As the first crackme to try, I chose one with the lowest difficulty score. It’s called keyg3nme and can be found here. We will go through it step by step to make sure we have a good understanding of the underlying program. I will go through the x86 instructions in detail, so if you are familiar with x86 assembly, you may want to skip parts of this post.
Once we dive into the disassembly of the crackme, we will find out that solving it is actually trivial on account of one valid key being exposed as an immediate value. Nonetheless, what is interesting to me is not necessarily the solution, but how to get there.
Getting Started
We’re going to start by using GDB to examine the crackme’s binary:
thebel:/home/thebel/crackme/completed/keyg3nme$ gdb
GNU gdb (Debian 8.3.1-1) 8.3.1
Copyright (C) 2019 Free Software Foundation, Inc.
[...]
(gdb) file keyg3nme
Reading symbols from keyg3nme...(no debugging symbols found)...done.
(gdb) run
Starting program: /home/thebel/crackme/completed/keyg3nme/keyg3nme
Enter your key: ^C
Program received signal SIGINT, Interrupt.
0x00007fffff110081 in __GI___libc_read (fd=0, buf=0x8005470, nbytes=512) at ../sysdeps/unix/sysv/linux/read.c:27
27 ../sysdeps/unix/sysv/linux/read.c: No such file or directory.

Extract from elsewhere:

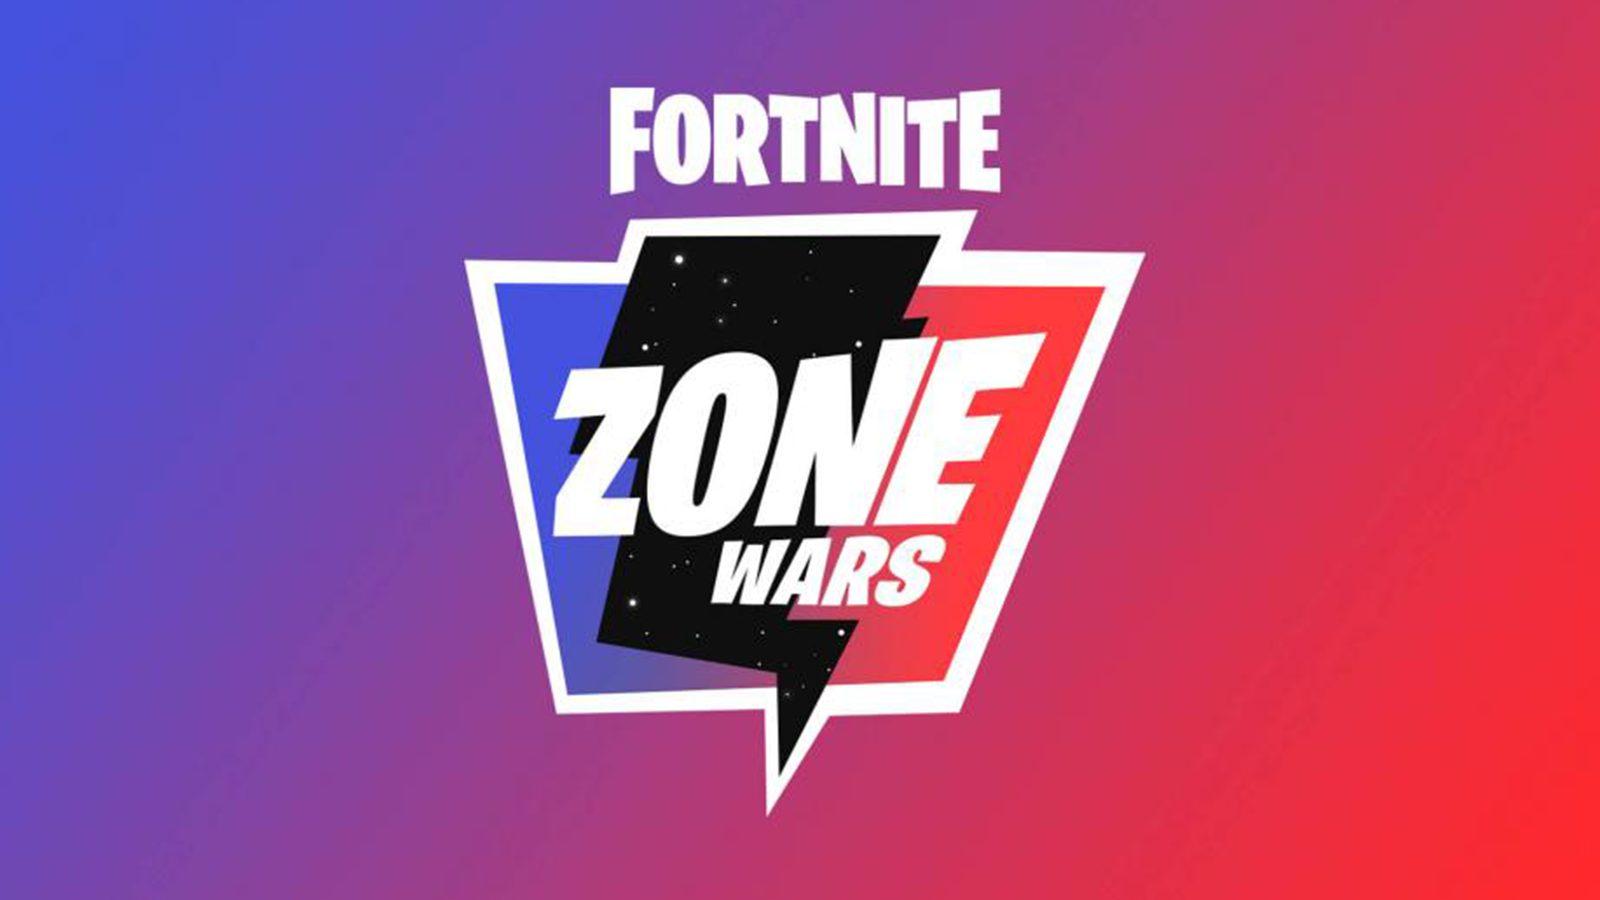 Guerre de Zones

What I’ve done in the listing above is:
- loaded the crackme
filecalledkeyg3nme, runthe program inside the binary file,- and interrupted execution using
CTRL-C.
The reason we want to interrupt execution is so we can print the call stack at that point. That makes it easier to find the main() function. Turns out, the symbols weren’t stripped, so we can use main as a name rather than having to work out the function’s address. Admittedly, I could have figured that out by running file on the binary:
thebel:/home/thebel/crackme/completed/keyg3nme$ file keyg3nme
keyg3nme: ELF 64-bit LSB shared object, x86-64, version 1 (SYSV), dynamically linked, interpreter /lib64/ld-linux-x86-64.so.2, BuildID[sha1]=01d8f2eefa63ea2a9dc6f6ceb2be2eac2ca22a67, for GNU/Linux 3.2.0, not stripped
Anyway, here’s the backtrace at the input prompt:
(gdb) bt
#0 0x00007fffff110081 in __GI___libc_read (fd=0, buf=0x8005470, nbytes=512) at ../sysdeps/unix/sysv/linux/read.c:27
#1 0x00007fffff08d148 in _IO_new_file_underflow (fp=0x7fffff3eba00 <_IO_2_1_stdin_>) at fileops.c:531
#2 0x00007fffff08e3f2 in __GI__IO_default_uflow (fp=0x7fffff3eba00 <_IO_2_1_stdin_>) at genops.c:380
#3 0x00007fffff06bbea in _IO_vfscanf_internal (s=<optimized out>, format=<optimized out>, argptr=argptr@entry=0x7ffffffee1d0, errp=errp@entry=0x0) at vfscanf.c:630
#4 0x00007fffff07bfd8 in __isoc99_scanf (format=<optimized out>) at isoc99_scanf.c:37
#5 0x00000000080011a5 in main ()
Examining main()
What we want to do next is examine the disassembly of main() and set a breakpoint at the command prompt. This will allow us to figure out how main() works and where data such as our input value are stored. Note that I am using Intel disassembly syntax since I find it clearer. In Intel syntax, the destination operand is on the left, mimicking the variable assignment syntax in most programming languages, i.e. var = 3 becomes, say, mov eax,0x3. The disassembly for main() looks like this:
(gdb) disas main
Dump of assembler code for function main:
0x0000000008001165 <+0>: push rbp
0x0000000008001166 <+1>: mov rbp,rsp
0x0000000008001169 <+4>: sub rsp,0x10
0x000000000800116d <+8>: mov rax,QWORD PTR fs:0x28
0x0000000008001176 <+17>: mov QWORD PTR [rbp-0x8],rax
0x000000000800117a <+21>: xor eax,eax
0x000000000800117c <+23>: lea rdi,[rip+0xe85] # 0x8002008
0x0000000008001183 <+30>: mov eax,0x0
0x0000000008001188 <+35>: call 0x8001050 <printf@plt>
0x000000000800118d <+40>: lea rax,[rbp-0xc]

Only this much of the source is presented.